Die SZ reiht sich übergangslos in das korrumierte System ein: Alles ist kaufbar: Nach FDP und CSU nun auch App-Bewertungen

Bild von Gast

Ich halte die SZ für eine noch relativ gute Zeitung. Aber das geht leider gar nicht. Enttäuschend.

Bild von Mr.Q

So schwer das auch fällt: diesen Fauxpas sollte man klar von dem hervorragenden journalistischen Inhalt trennen.

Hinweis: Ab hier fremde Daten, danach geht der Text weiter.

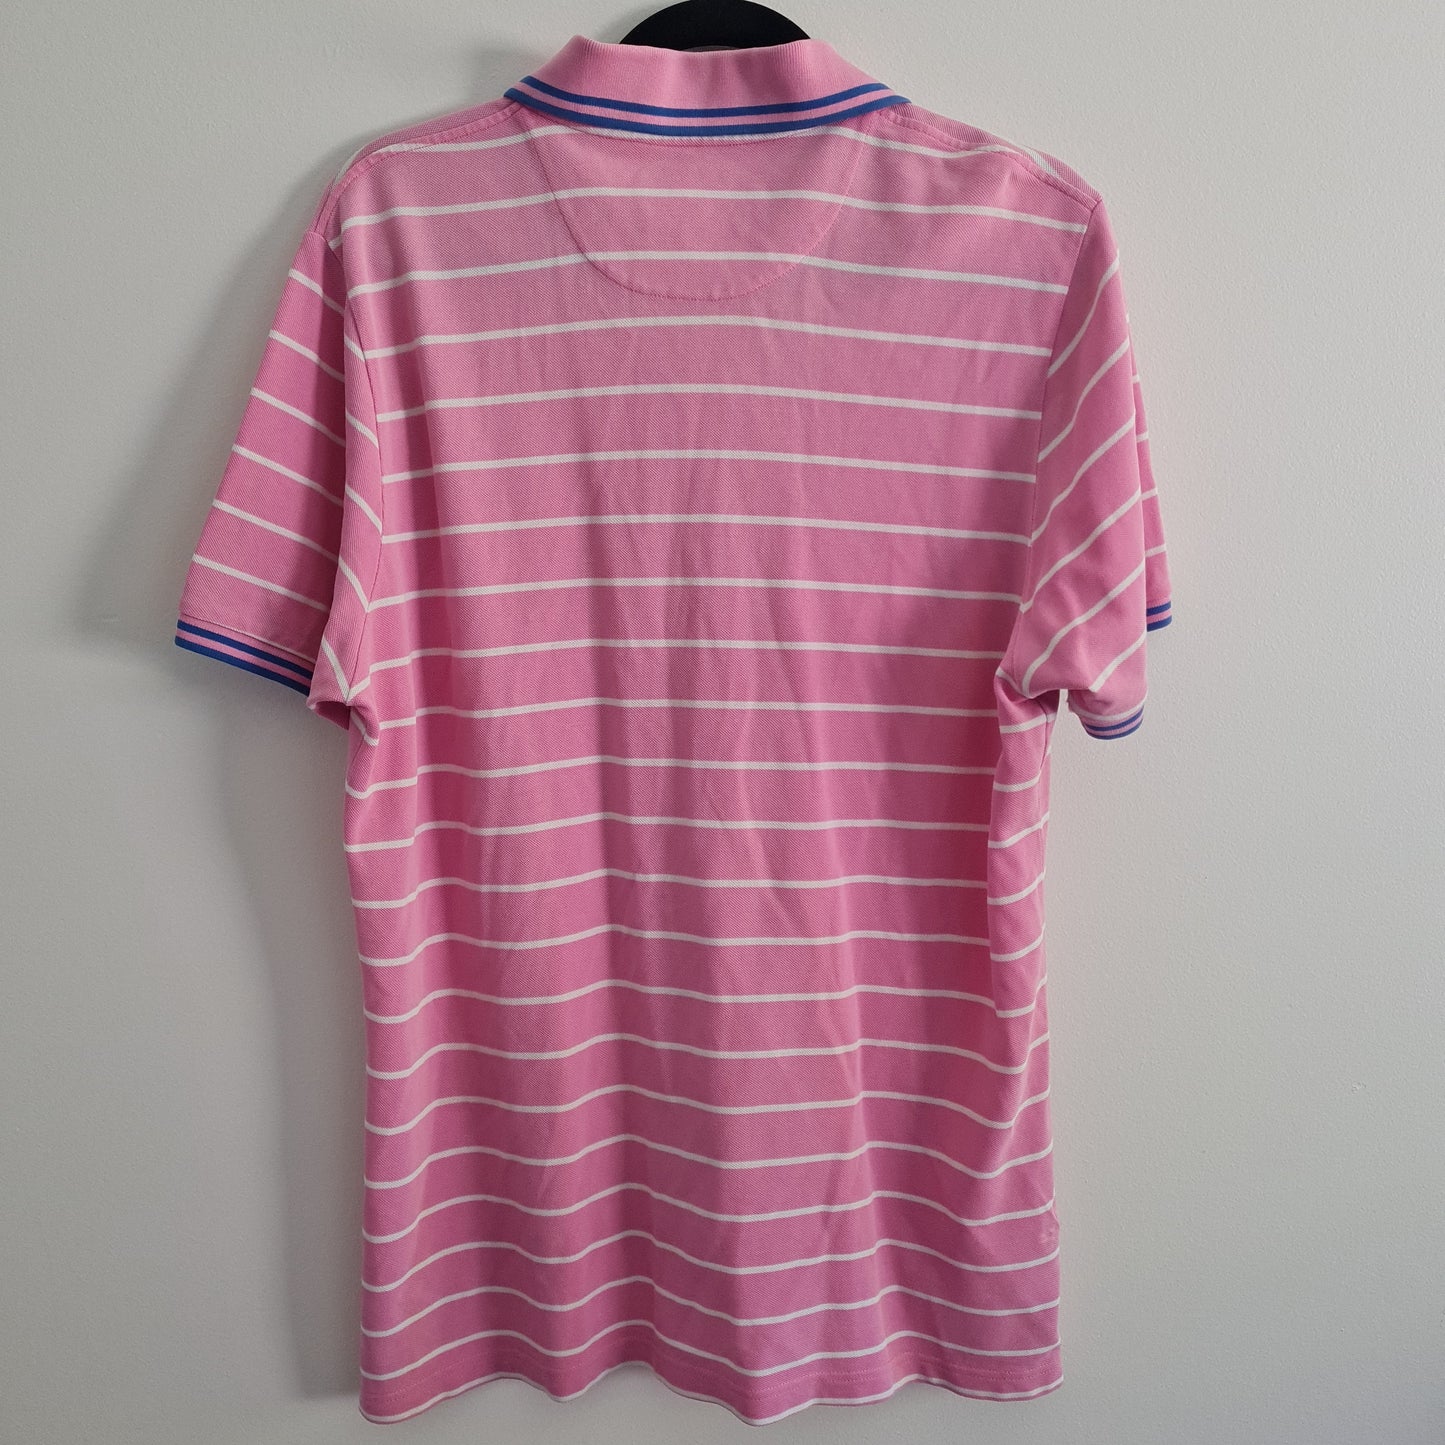 Oxford Company Pink White Collard Shirt Size L

Wer von seiner guten Arbeit überzeugt ist, hat sowas eigentlich nicht nötig – trotzdem, ein paar Lorbeeren sind jetzt erheblich geknickt...

Bild von Whistler

Wieso die Aufregung eigentlich wiessen es doch alle das alles und Jeder seinen Preis hat.
Politiker Parteien Zeitungen Journalisten USW.
Jeder der Viel Geld zur Verfügung hat wird es auch für irgendetwas ausgeben.

Bild von Gast

Nun, Social Media Marketing ist nicht Werbung (siehe auch: http://blog.werbeplanung.at/stories/5995563/). 93% der Social Media User denken, dass ein Unternehmen eine Social Media Präsenz haben sollte und 85% denken, es sollte in Social Media auch interagieren (Cone, Business in Social Media Study, 2008). Allerdings nicht auf werbliche Art sondern im Rahmen der Konsumenteninformation, Öffentlichkeitsarbeit, Public Relations und allenfalls des Lobbying. Erwünscht sind Informationen, Interaktion und Abbildung von Kommunikationsprozessen. Beispielsweise wird die Verlagerung von Kundenservice-Prozessen in Social Media von den Konsumenten durchaus sehr positiv aufgenommen. Social Media ist also kein Werbekanal, sondern ein neues Kommunikationsphänomen, dessen Marketingeinsatz Strategie und Konzept voraussetzt.

Bild von Gast

Wie findest Apple dies eigentlich?
Ist ja eigentlich Betrug. Werden jetzt betrügerische Apps zugelassen? ;)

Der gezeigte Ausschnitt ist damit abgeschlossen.